El hecho, o los hechos, podría relatarlos ahora como me salieran, pero para ser un poco más variado y a la vez trabajar menos, copiaré un documento que tiene dos ventajas: la inmediatez, ya que fue redactado durante la noche siguiente a los sucesos que refiere; y la intensidad, ya que cuando lo escribí seguía conmovido como un gilipollas.

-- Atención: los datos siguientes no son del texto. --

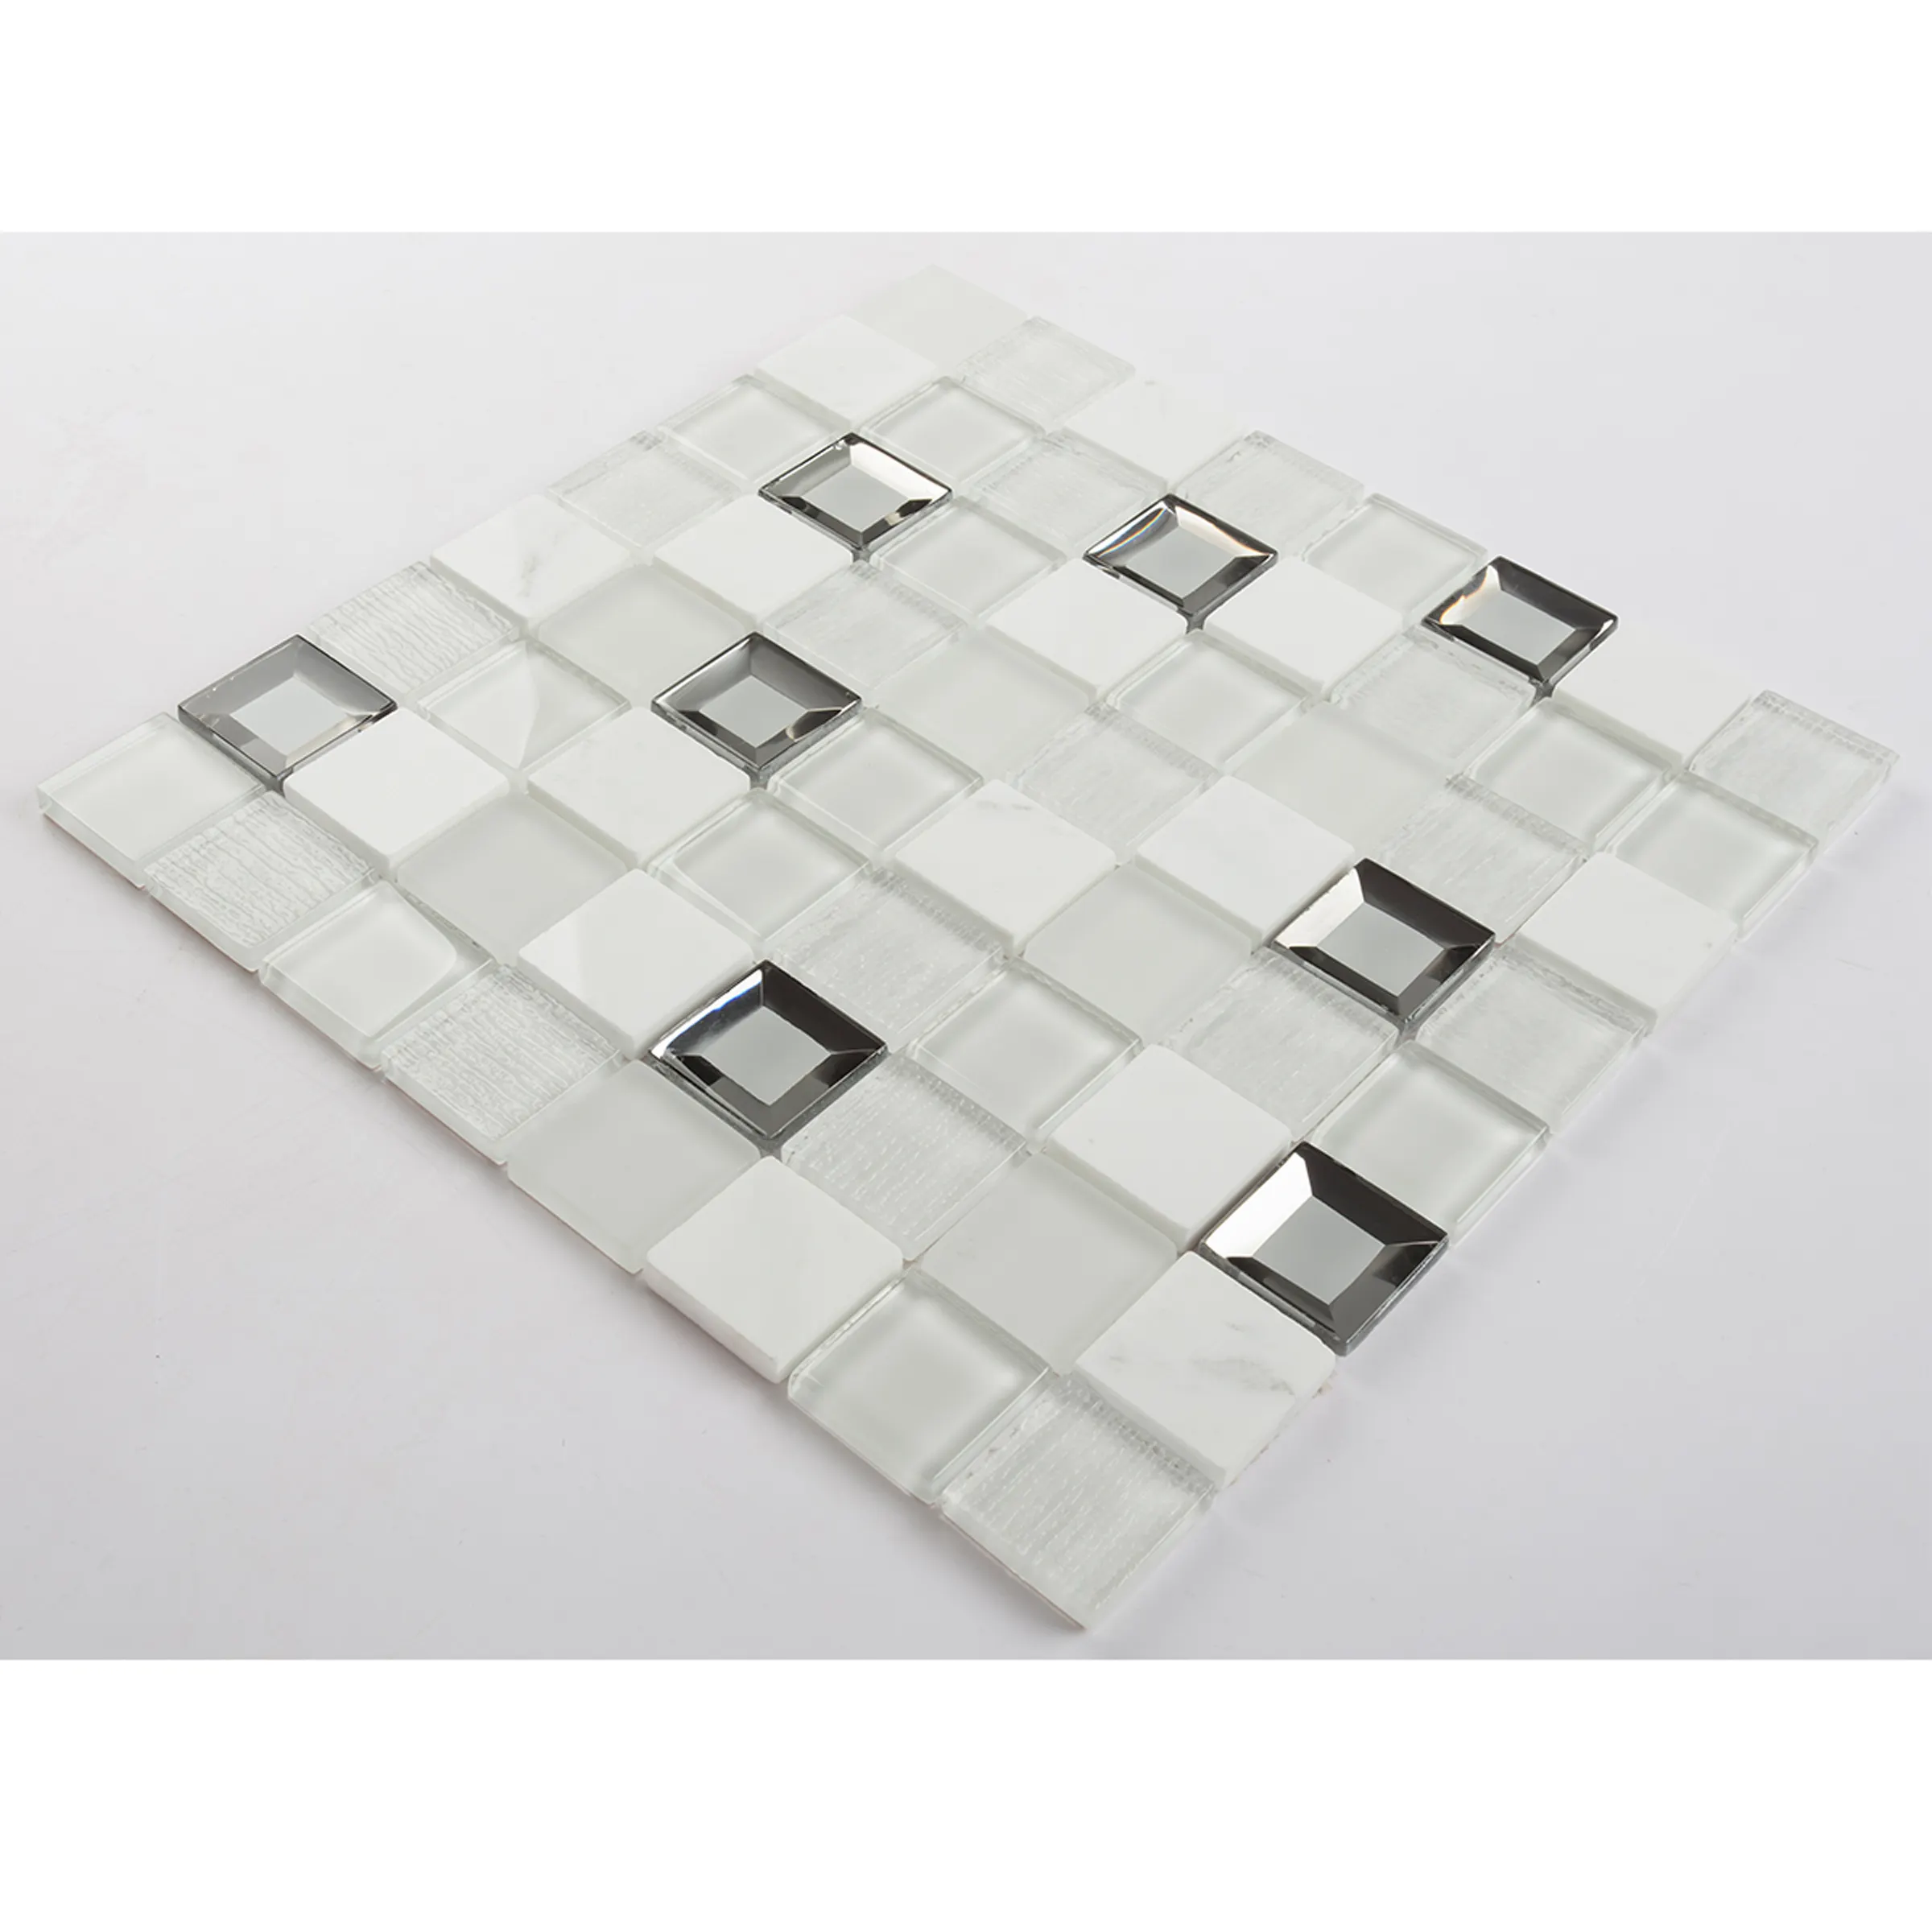 Crystal & Diamond & Stone Mix 36x36x8mm Glass Mosaic Tile Backsplash For Kitchen, Bathroom, Living Room

El documento es como sigue:
Y ahora, la pregunta: ¿Qué he hecho para desperdiciar así mi vida? ¿Cómo, de todas las vidas posibles, he acabado ganándome ésta en la que no hay más que mierda y túneles que no salen a ninguna parte? Hace unas horas estaba en un banco en el Retiro redescubriendo estas dos interrogaciones (o una, qué más da). Si durante años he estado llevándolas conmigo sin inmutarme, sólo puede ser porque he tenido buen cuidado de repetirlas como una beata soba el Rosario, sin entender. Hoy me he sentado a mirarlas de frente. Y me ha dado tanto asco y tanta tristeza que no sé cómo me he disuadido de estampar los sesos contra el patio interior, para edificación de todos los retrasados que habitan mi bloque de apartamentos.
Bueno, sí lo sé. Aunque me pese, es para confesarlo que he encendido el ordenador y he empezado a escribir. El arrebato que me ha llevado a las dos malditas preguntas es también lo que me mantiene entero el cráneo.
Al principio, nadie hubiera dicho que fuera a suceder nada. Llevaba un par de horas frente a la casa de esa pelleja repelente y ya se me estaban cociendo las ideas. A las seis en punto, se abre la puerta automática del garaje y emerge el descapotable de Sonsoles con ella al volante. Igual que hace un par de días, mirando desde arriba a todo y a todos, parapetada tras las enormes gafas oscuras que le hacen parecer un cruce de comadreja y astronauta. Arranco con cierta resignación y me coloco a su estela. El coche de mi prima, que he tomado prestado mientras le hacen la cirugía plástica al mío, es algo corto de caballos y tengo que apurar las marchas. Sonsoles conduce como un taxista, o sea, viviendo a medias de la suerte y de la prudencia de otros conductores y exhibiendo a ráfagas una destreza que ya podría metérsela bien doblada donde más guardada se le quedase. Para no perderla me veo obligado a hacerle algunas canalladas a gente inocente, y eso me cabrea y me excita las ganas de tumbarla bajo una lámpara de rayos UVA y dejarla allí asándose a fuego lento durante diez o doce días.
Afortunadamente, el trayecto es corto. Justo a la vuelta de una curva, obturando hábilmente el tráfico de cuatro calles, Sonsoles abandona su coche en doble fila y se acerca a pie a la salida de un colegio para señoritas. ¿Madre soltera? Inconcebible, disponiendo a un tiempo del aborto y del sacramento de la penitencia. Me sitúo donde pueda ver la puerta del colegio y estorbar lo menos posible y espero. Diez minutos. Empiezan a salir niñas vestiditas de azul y blanco, decenas de Sonsoles en potencia arrastrando la ese debajo de los incisivos. Es un espectáculo que a ratos me revuelve las tripas y a ratos me despierta morbosos apetitos. Finalmente sale Sonsoles y junto a ella una niña o muchacha de unos quince años. El pulso se me interrumpe como si me desenchufaran. Entonces sucede.